I have a Linksys router configured with DHCP supplying IPs to whole network. I have one Server with CentOS6.3 configured as Host machine. i want to configure a PXE server on Host machine so that i can install all the guest OSes using PXE.

how can we configure two DHCP on a network?
can anyone tell me step by step with explaination?

thanks

Kustom42 12-20-2012 03:38 PM

I've never heard of multiple DHCP servers on a network, can't imagine how it would work based upon the way DHCP broadcast requests get sent out.

Read over http://www.tech-juice.org/2011/06/21...pv4-explained/ to get an explanation.


However, this does not mean you can't setup PXE booting. I have set up PXE boots before and always had a separate DHCP service on another server.

https://help.ubuntu.com/community/PXEInstallServer < Ubuntu, I recommend it over CentOS for PXE booting, and I'm a huge RedHat guy.
http://wiki.centos.org/HowTos/PXE/PXE_Setup < CentOS

solarisguy 12-24-2012 12:32 AM

Quote:

Originally Posted by johnabraham (Post 4853845)
Hi

I have a Linksys router configured with DHCP supplying IPs to whole network. I have one Server with CentOS6.3 configured as Host machine. i want to configure a PXE server on Host machine so that i can install all the guest OSes using PXE.

how can we configure two DHCP on a network?
can anyone tell me step by step with explaination?

thanks

It's a recipe for disaster, putting two DHCP servers on the same Layer 2 segment.

What I would do is create a second network (VLAN, separate NIC and switch, etc) for the PXE boot environment.
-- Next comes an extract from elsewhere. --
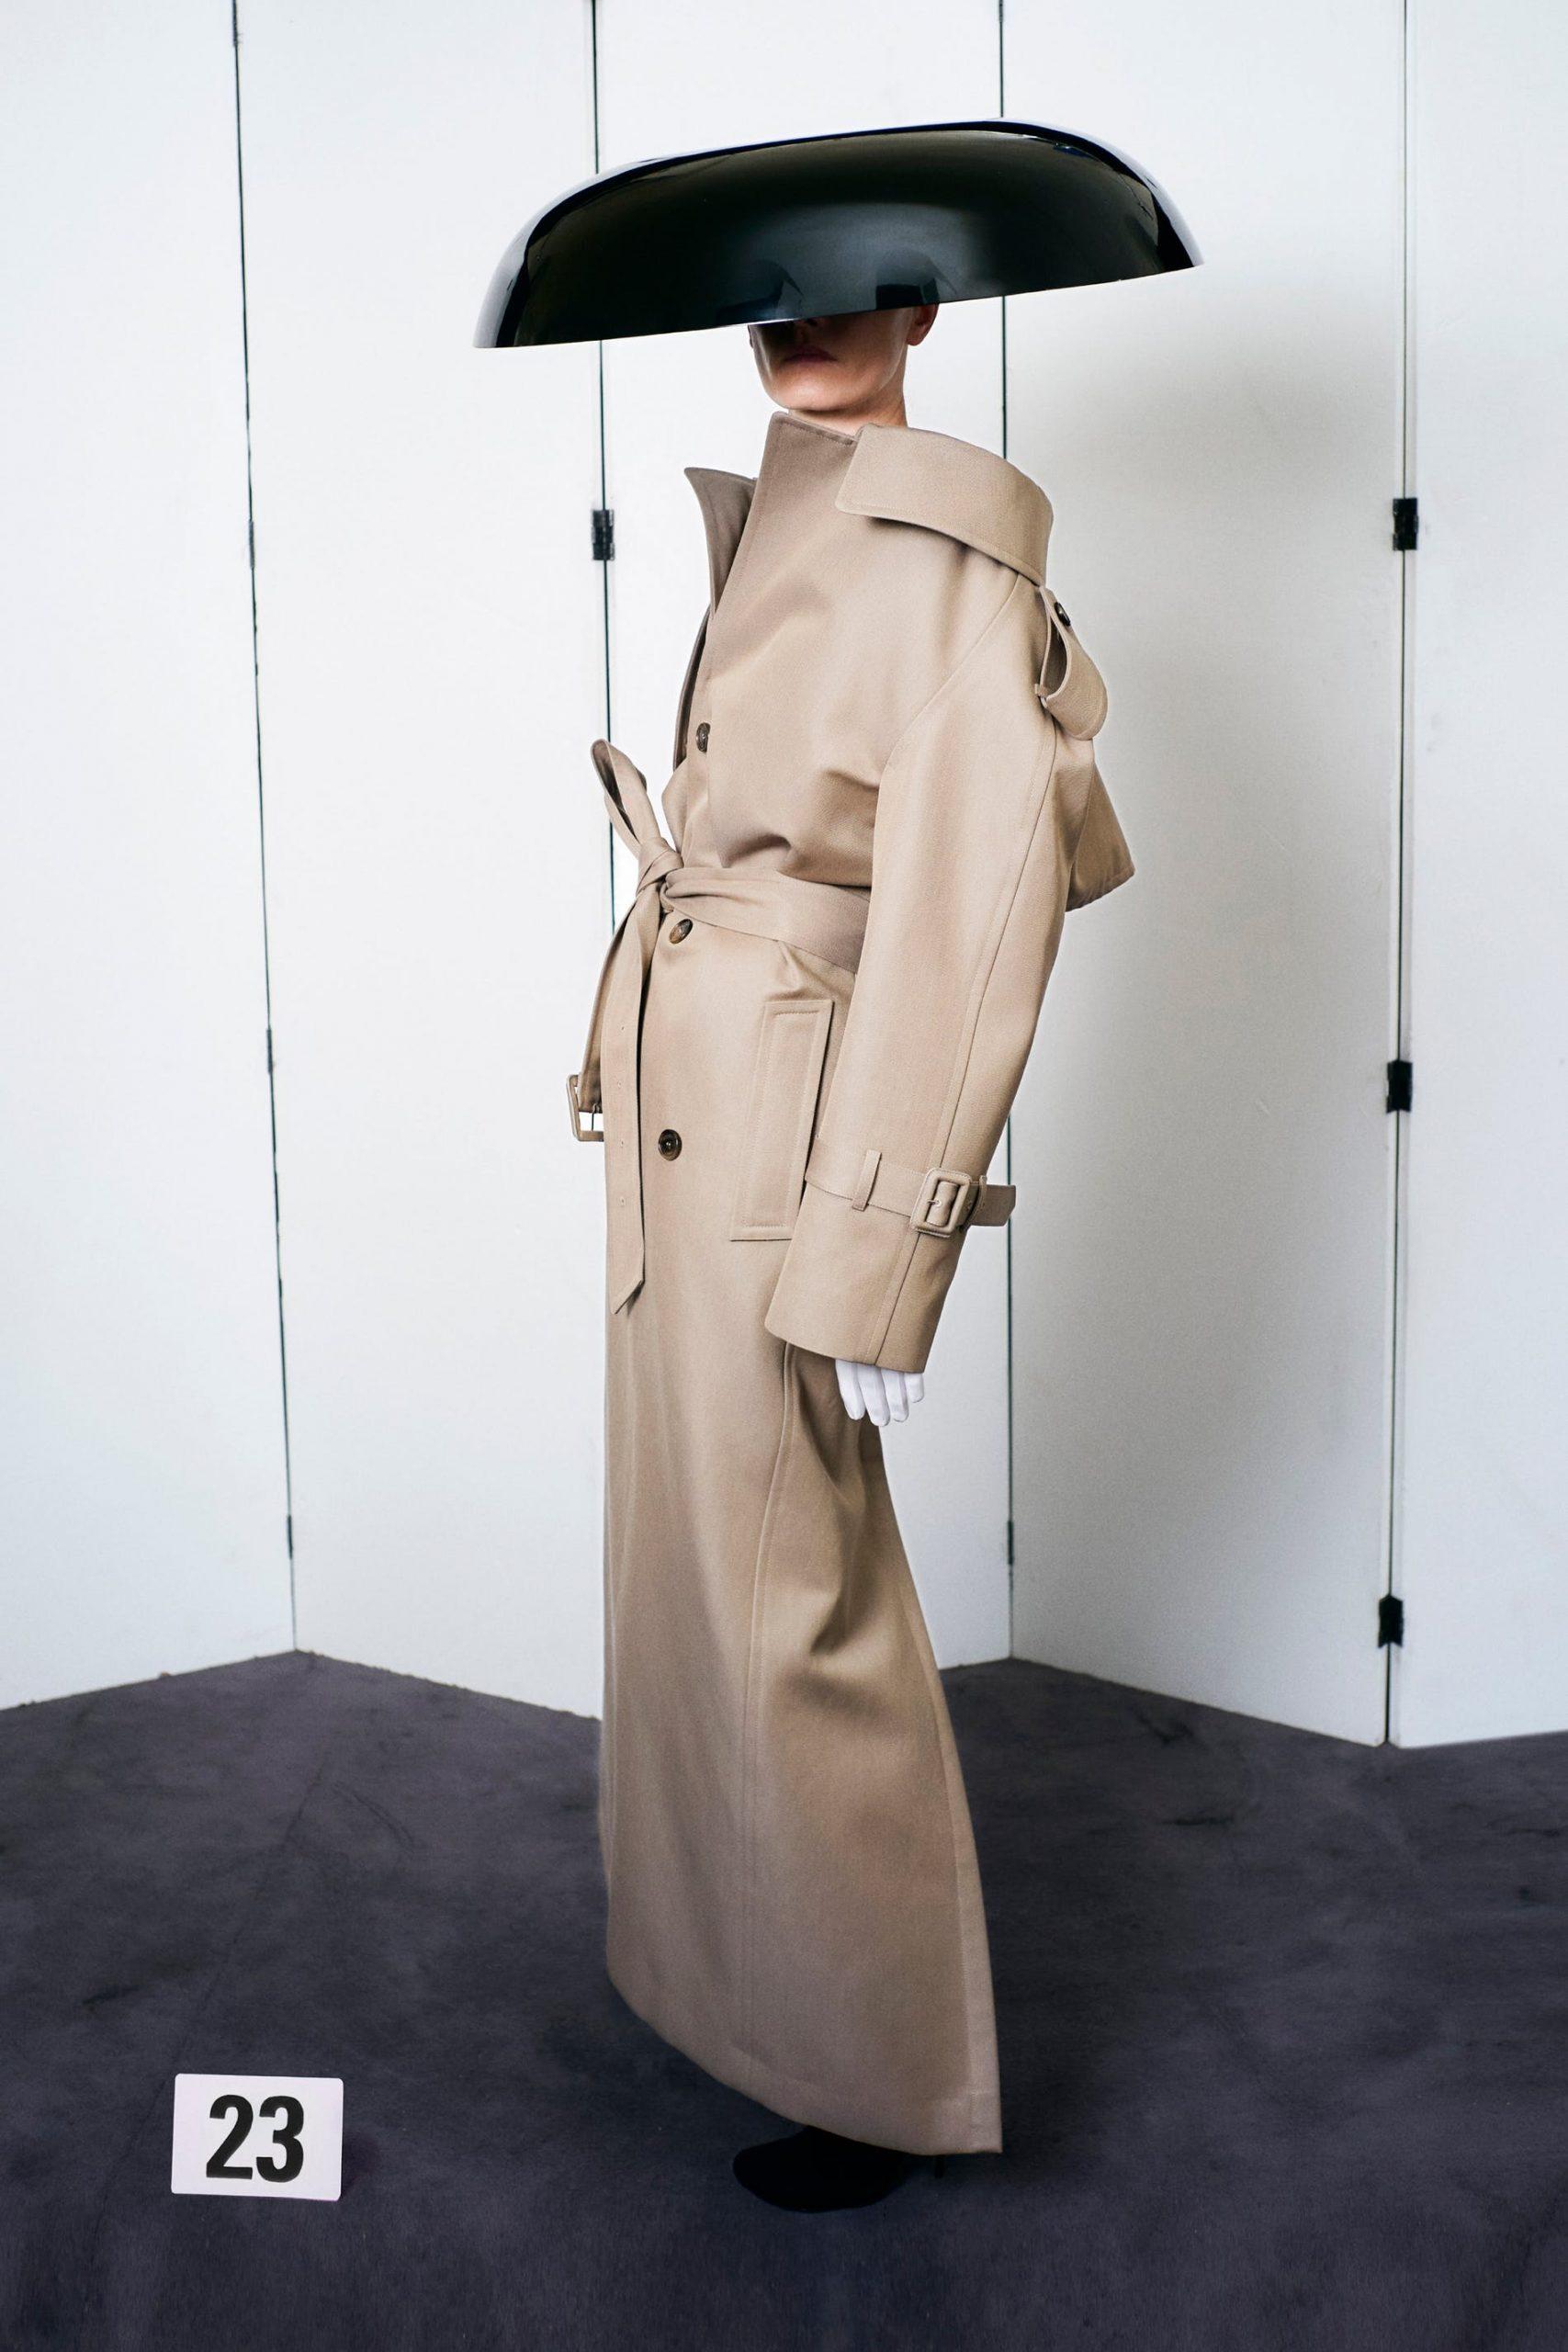 Bộ sưu tập của Balenciaga có 63 mẫu thời trang cao cấp lộng lẫy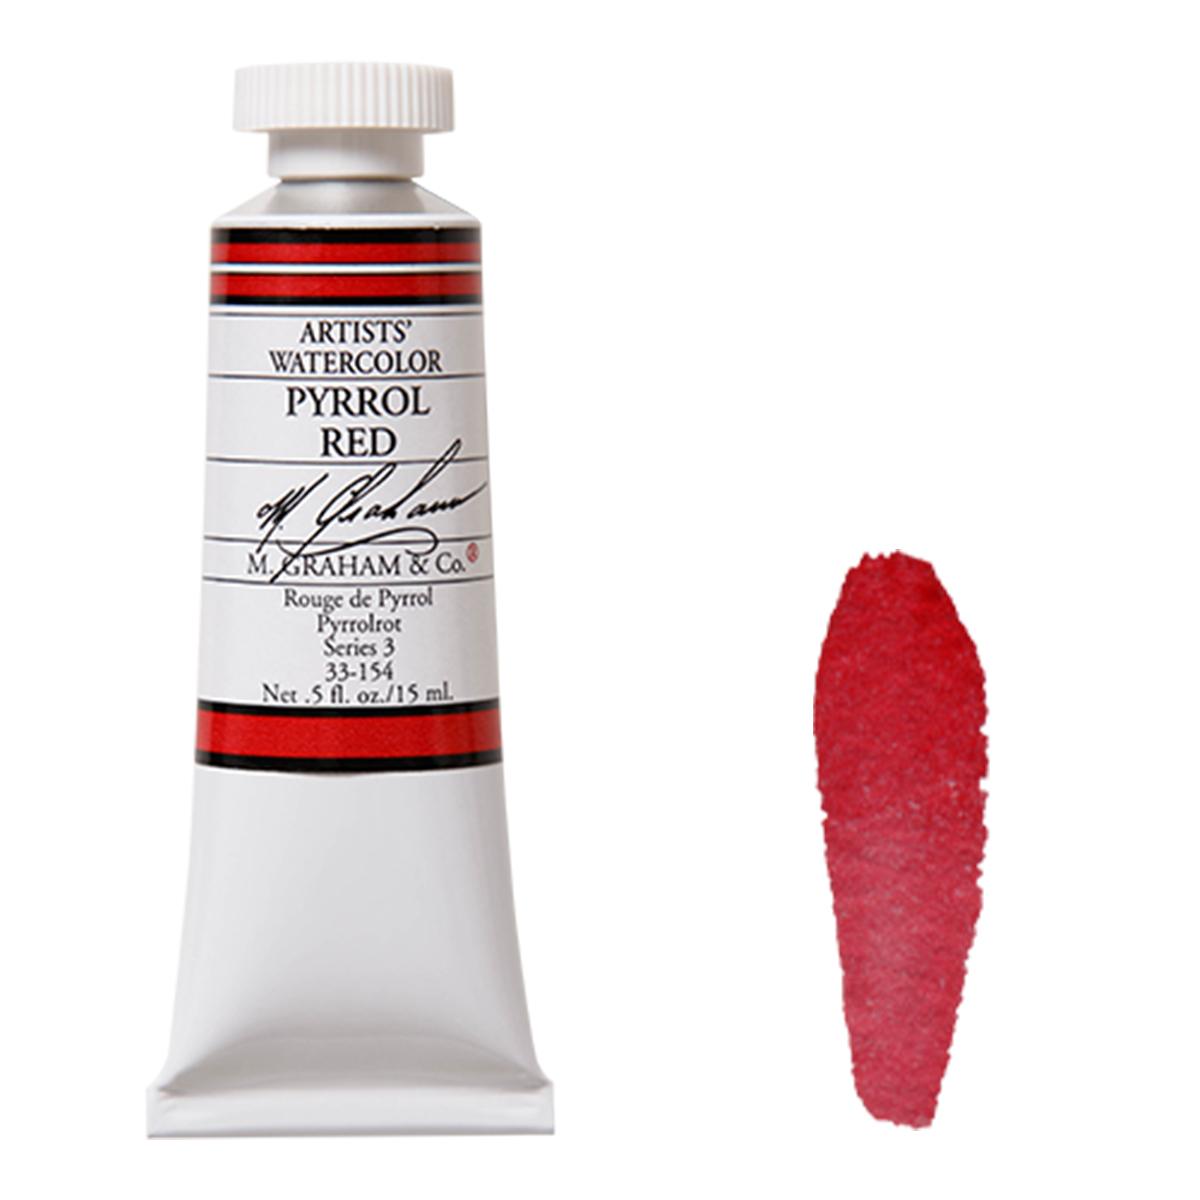 M. Graham ピロールレッド Pyrrol 感謝価格 水彩絵具 15mlチューブ 安い M.グラハム Red

Otherwise, you're just setting yourself up to have weird issues.

Alternatively, you could have the Linux server serve all DHCP requests, disable the DHCP server on the Linksys router, and put the router's IP as the default gateway for the network. It's perfectly acceptable to divorce DHCP from router functions. We do it in every one of our networks, and we have a few hundred of them (serving 11M users).

landysaccount 12-25-2012 12:12 AM

The only way I see this working is if you know the mac addresses for all the hosts in the network and using the servers to answer to specific hosts only... But, I don't understand why two dhcp servers...

solarisguy 12-25-2012 11:26 AM

Quote:

Originally Posted by landysaccount (Post 4856395)
The only way I see this working is if you know the mac addresses for all the hosts in the network and using the servers to answer to specific hosts only... But, I don't understand why two dhcp servers...

Yes, this will work, assuming that one host has network blocks advertised and is configured to be authoritative for the broadcast domain; however, this is complicated and needlessly complex when the same goal can be attained by using dhcpd on Linux and disabling the router's DHCP server.

jefro 12-25-2012 04:35 PM

You can get this to work but consider gpxe instead. One could set lease limits to one less than amount of clients and then use any new dhcp just while booting. Other odd ways are to set mac to forever or set other port blocking.